Source : New Scientist.
















9 juillet 2008 à 16:33« l’interdire aux demandeurs d’organes les moins riches et rendre éventuellement rentable le “vol” d’organes. »
L’argument ne tiens pas, ce n’est pas parce qu’une règle est mal respecté qu’il faut la supprimer.Évidemment, il y aura toujours à la marge des pratiques illégales, et alors?Parce qu’il y a des meurtres vous en concluez qu’il faut supprimer l’interdiction de l’assassinat?
Citer
9 juillet 2008 à 16:37@ ZI
Pour l’interdiction du meurtre, je ne sais pas (enfin, je veux dire par là qu’elle doit subsister, et que je ne la discute pas).
Mais notamment parce qu’il y a des trafics de drogues (et tout ce qui s’ensuit), je pense qu’il faut supprimer l’interdiction des drogues.
Et puis, c’est vrai que j’aime bien les drogues (quoique pas toutes, à vrai dire)…
Citer
9 juillet 2008 à 16:59Ce n’est pas mon propos, mais, trois remarques, néanmoins : 1. lors d’un meurtre, il y a une victime, dans une vente contractuelle, il n’y en a pas. Il est donc abusif de passer de l’un à l’autre ; 2. l’existence de la légitime défense montre qu’il n’y a pas une interdiction absolue de tuer, puisque l’agresseur qui perd la vie n’est pas, d’un point de vue moral, la victime de celui qui l’a tué, mais de lui-même ; 3. mon argument n’est absolument pas un argument formel, c’est juste une banale constatation ; il ne porte pas tant sur le droit que sur le fait. Je trouve moralement contestable de prôner quelque chose au nom de principes moraux, si, pour respecter abstraitement ces principes, on accroît la somme des souffrances effectives.
Citer
9 juillet 2008 à 18:05Ce qui me gêne, c’est que l’argent soit le moyen du contrat. C’est lui qui rend la transaction immorale. Cela rend la valeur de la vie du riche intrinsèquement plus importante que celle du pauvre. Il faudrait un autre média, par exemple un troc: je t’offre un rein contre un morceau du foie de ta fille pour mon neveu.
Citer
9 juillet 2008 à 18:12Oui, et pour assurer le caractère équitable du troc, on pourrait instaurer une unité d’évaluation et de mesure que l’on appellerait le cepadufric. Comme ça, par exemple, si je ne veux de morceau de foie aujourd’hui, parce que je n’en ai pas besoin, il suffira qu’on me donne un papier où sera inscrit le nombre de cepadufrics convenu avec l’autre troqueur et, ainsi, je pourrai utiliser ce papier, à une autre occasion, pour un autre bout de foie ou, je sais pas moi, un morceau de main…

Etc.
Franchement, je ne comprends où on peut vouloir en venir avec ce type d’approche…
Citer
9 juillet 2008 à 18:16La santé n’a pas de prix. Chacun en conviendra (surtout le malade demandeur en attente de greffon). A ce titre, vendre un organe est toujours un marché de dupe pour le vendeur.
Citer
9 juillet 2008 à 19:59C’est précisément là un des problèmes : poser en axiome que la santé n’a pas de prix…
Citer
9 juillet 2008 à 20:20La santé n’a pas de prix, l’éducation n’a pas de prix, la culture n’a pas de prix, la défense… non, rien.
Citer
9 juillet 2008 à 20:23A combien estimez-vous donc le prix de votre vie? A partir de quel prix consentiriez-vous à prendre la place d’un cancéreux bourré de métastases et en fin de vie? Quel est votre prix pour vendre vos deux reins et passer le reste de vos jours en dialyse? A partir de quelle somme seriez-vous prêt à subir une intervention chirurgicale relativement lourde, susceptible de complications sans qu’elle soit pour vous d’aucun bénéfice attendu sur votre santé pour qu’on vous prélève un lobe hépatique ou un rein?

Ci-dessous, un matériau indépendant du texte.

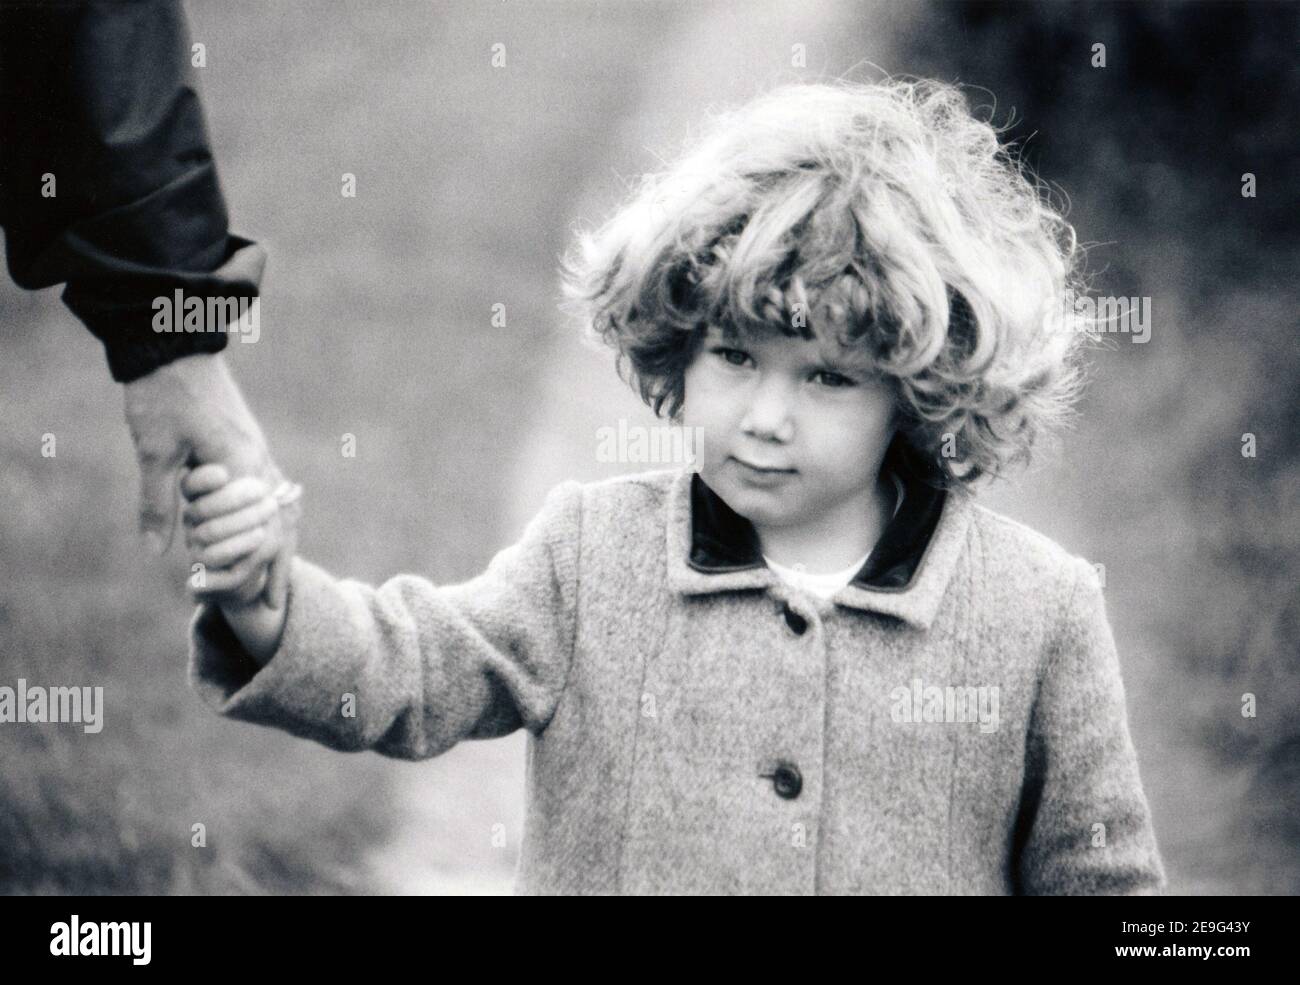 vintage après la guerre portrait monochrome de petite fille en train de cacher la main d'adulte, c. années 1950 Banque D'Images

Etes-vous fan de la roulette russe? Combien faut-il vous donner pour que vous consentiez à participer à ce jeu? Pour quel prix seriez-vous prêt à sauter en parachute en sachant qu’il y a 5% de chances qu’il n’y ait pas de parachute dans le sac que vous avez sur le dos?
La santé n’a pas de prix parce qu’elle est le socle sans lequel rien n’est plus possible dans la vie. Si c’est un axiome indémontrable, il est en tout cas fondamentalement évident et il n’y guère que des personnes en excellente santé capables d’émettre une hypothèse contradictoire.
Citer
9 juillet 2008 à 20:38Si pardon, il reste une possibilité le suicide ou le don altruiste (entre frères par exemple) mais là il n’est plus question d’argent.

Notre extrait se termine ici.